Pregunta

Esta pregunta alcancía espaldas de otra pregunta los que me crié con respecto a abusar de la interfaz IEnumerable mediante la modificación de un objeto a medida que iterar sobre ella.

El consenso general es que no hay nada que implementa IEnumerable debe ser idempotente. Pero .NET admite la tipificación de pato tiempo de compilación con la instrucción foreach. Cualquier objeto que proporciona un método IEnumerator GetEnumerator () se puede utilizar dentro de una sentencia foreach.
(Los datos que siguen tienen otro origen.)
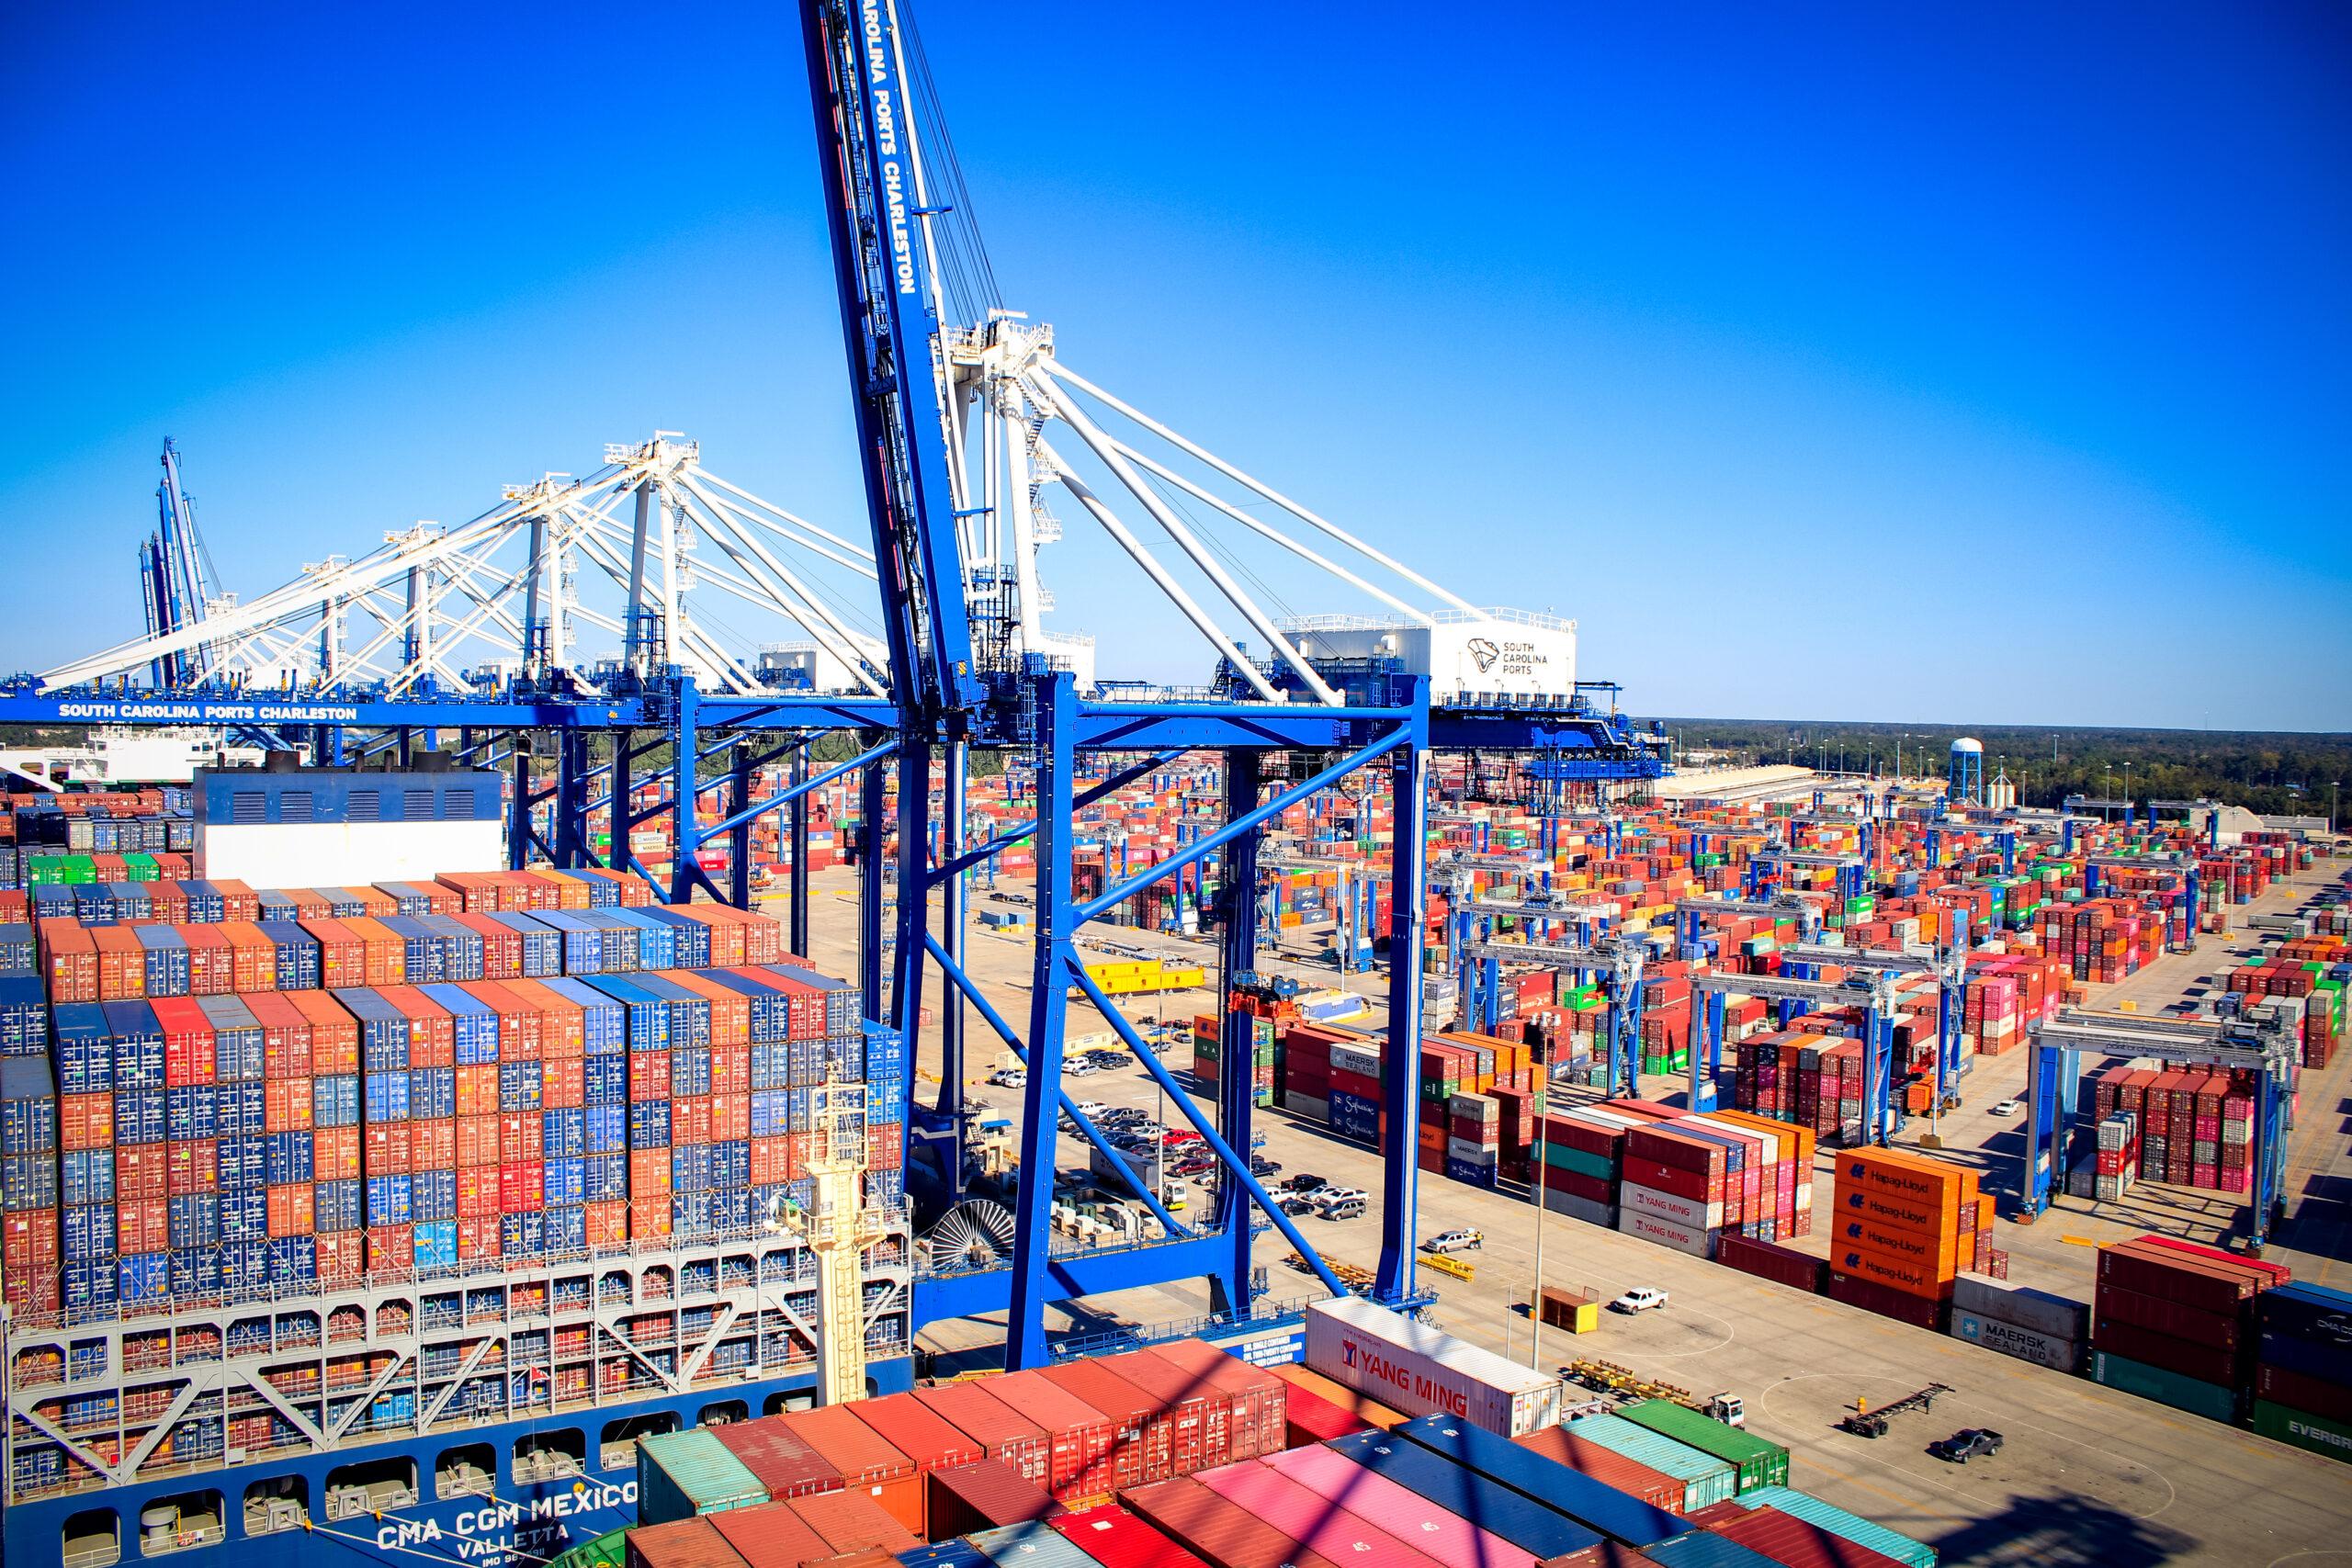 Wando Welch Terminal viewed from a crane

Así que si el método GetEnumerator idempotente o se trata cuando se implementa IEnumerable?

EDITAR (contexto Añadido)

Para poner un poco de contexto alrededor de esto lo que estoy sugiriendo es que cuando la iteración en una cola se quita de la cola cada elemento a medida que avanza. Además los nuevos objetos inserta en la cola después de la llamada a GetEnumerator todavía se repiten a lo largo.

¿Fue útil?

Solución

No es el type que es idempotente - que ni siquiera tiene mucho sentido; que puede inmutables media, pero eso no está claro. Es el método GetEnumerator en sí, que es típicamente idempotente.

Mientras yo diría que es general el caso, puedo imaginar casos especiales en los que tiene sentido tener un método GetEnumerator no idempotente. Por ejemplo, podría ser que usted tiene datos que sólo pueden ser leídos una vez (porque está streaming desde un servidor web que no dará servicio a la misma petición de nuevo, o algo por el estilo). En ese caso, tendría GetEnumerator para invalidar de manera efectiva la fuente de datos, de modo que las futuras llamadas serían una excepción.

Estos tipos y métodos se debe documentar con mucho cuidado, por supuesto, pero creo que son razonables.

Otros consejos

This discussion is an old one and to my knowledge there's no common consensus.

Please do not confuse the concept of (runtime) Duck-Typing with abusing the compiler supported foreach to support your desired semantics.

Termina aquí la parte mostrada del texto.